The figure shows that in the brown and dark blue modules, there is a strong positive correlation between module members and gene importance (cor=0.78&p<0.001, cor=0.59&p<0.001). [2]

ScatterApp3s
Figure 20: Applications of Scatter Plot

The figure explores the association between CXCR4 and various immune cells. [3]

Reference

[1] Song Q, Yu H, Cheng Y, et al. Bladder cancer-derived exosomal KRT6B promotes invasion and metastasis by inducing EMT and regulating the immune microenvironment[J]. J Transl Med, 2022,20(1):308.

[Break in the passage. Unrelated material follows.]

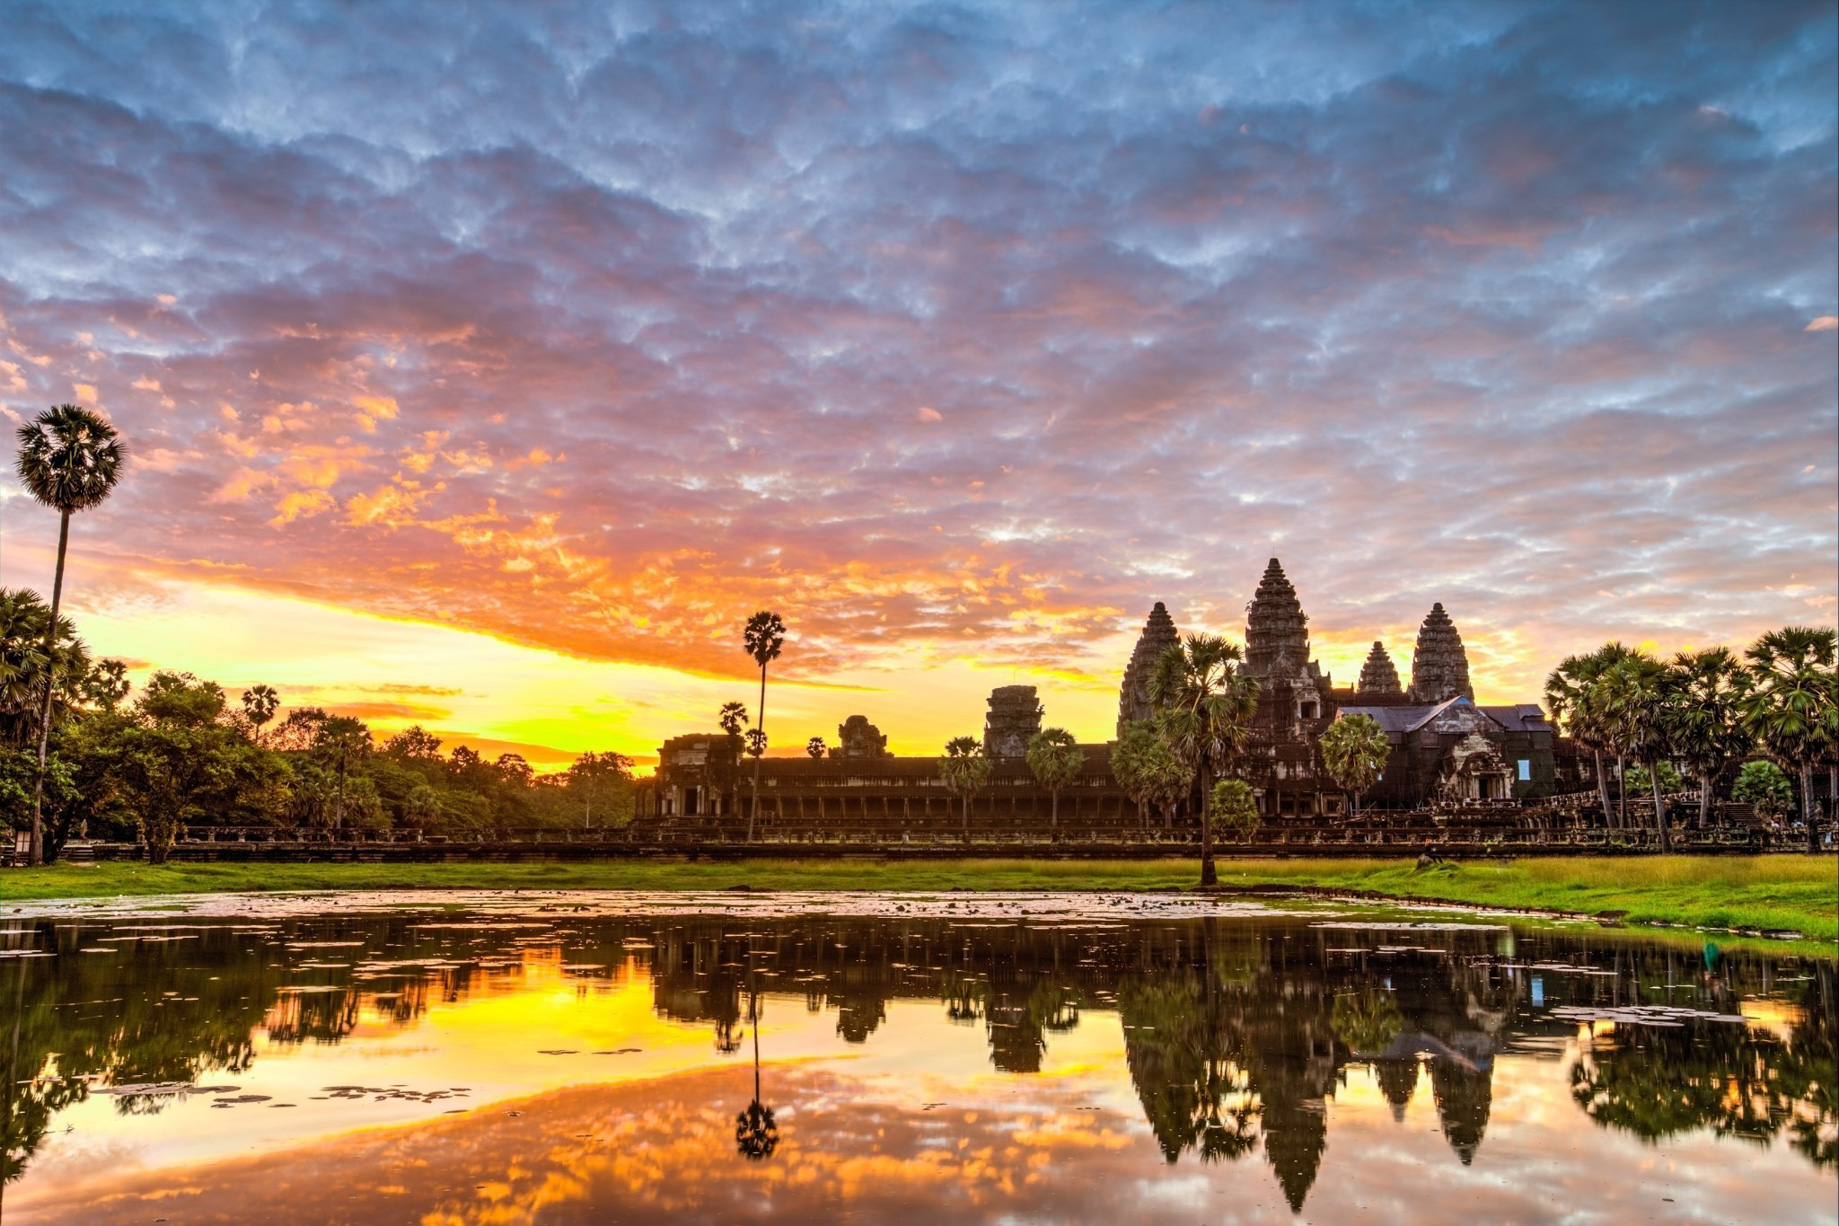 Anantara Angkor Resort – Siem Reap, Cambodia – Angkor Wat Sunset
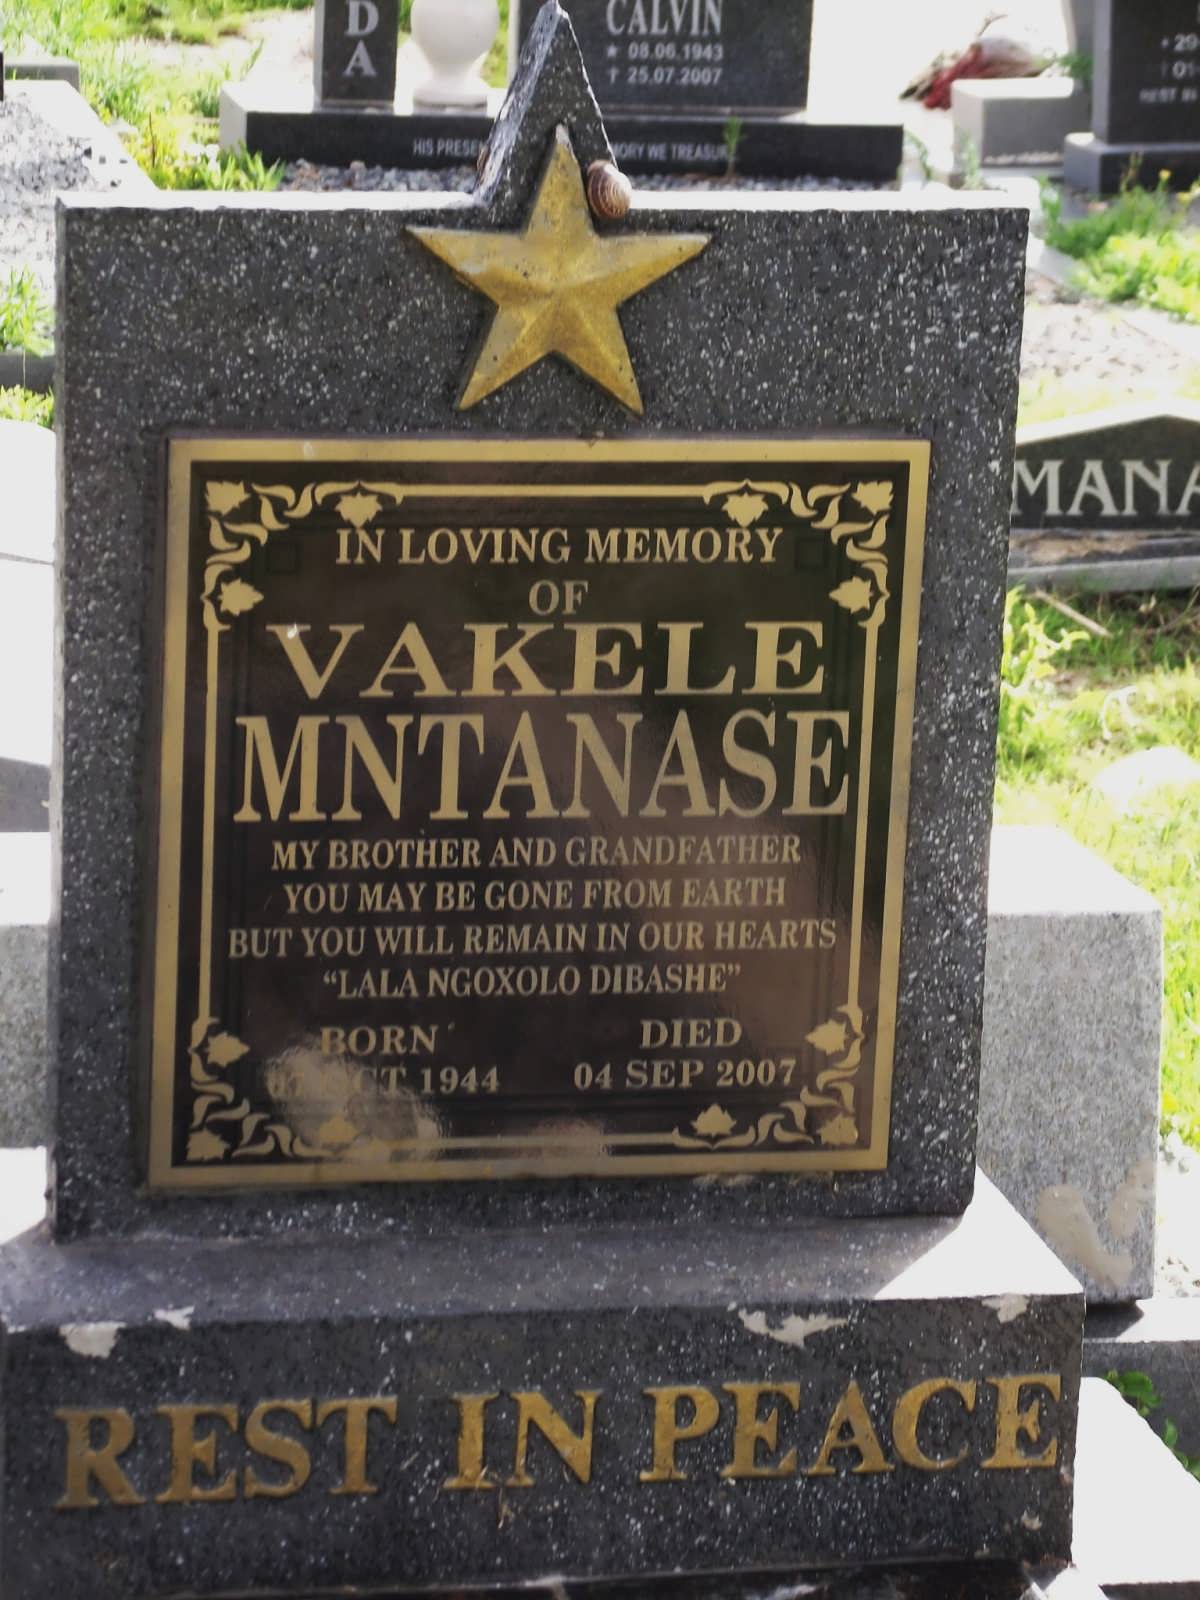 MNTANASE Vakele 1944-2007

[2] Xie J, Chen L, Wu D, et al. Significance of liquid-liquid phase separation (LLPS)-related genes in breast cancer: a multi-omics analysis[J]. Aging (Albany NY), 2023,15(12):5592-5610.

[3]Zhang S, Hou L, Sun Q. Correlation analysis of intestinal flora and immune function in patients with primary hepatocellular carcinoma[J]. J Gastrointest Oncol, 2022,13(3):1308-1316.